Лет восемь тому назад я непременно употребил бы это средство в отношении к Машеньке, но теперь, ввиду изменений, которые произошли в ее внешности, оно показалось мне несколько рискованным. Во всяком случае, я решился прибегнуть к нему лишь в крайности.

— А я… много я переменилась, братец? — спросила она меня, словно угадывая часть моих мыслей.

— Нет… ничего! Как была восемь лет тому назад, так и теперь… ничего! — солгал я «по-родственному» *

.

— Ну, уж, чай, где ничего! Состарелась я, голубчик, вот только духом еще бодра, а тело… А впрочем, и то сказать! Об красоте ли в моем положении думать (она вздохнула)! Живу здесь в углу, никого не вижу. Прежде хоть Нонночка была, для нее одевалась, а теперь и одеваться не для кого.
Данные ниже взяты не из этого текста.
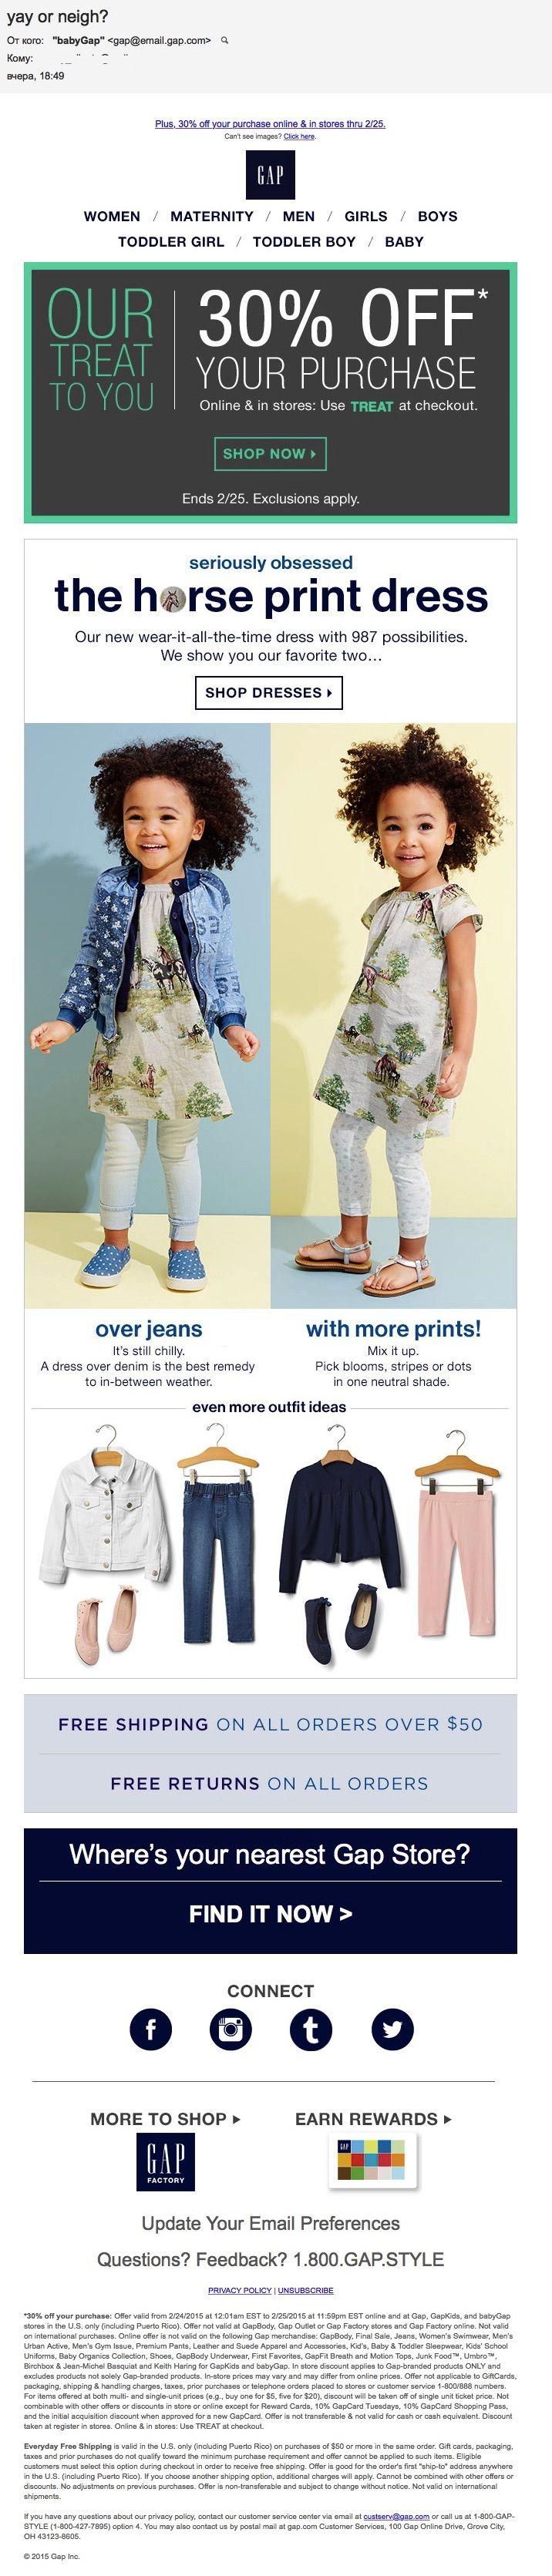 babyGap: еженедельное письмо (24.02.15). О том, как с одним платьем можно создать несколько образов. Визуализация помогает подписчикам определиться с выбором.

— Ты бы в Петербург на зиму приехала; на детей бы посмотрела.

— И, что ты! в Петербург! Я и от людей-то отвыкла. Право. Месяца с два тому назад вице-губернатор наш уезд ревизовал, так Филофей Павлыч его обедать сюда пригласил. Что ж бы ты думал? Спрашивает он меня за обедом… ну, одним словом, разговаривает, а я, как солдат, вскочила, это, из-за стола: «Точно так, ваше превосходительство!..» Совсем-таки светское обращение потеряла.

— Поживешь месяц-другой в Петербурге — опять привыкнешь.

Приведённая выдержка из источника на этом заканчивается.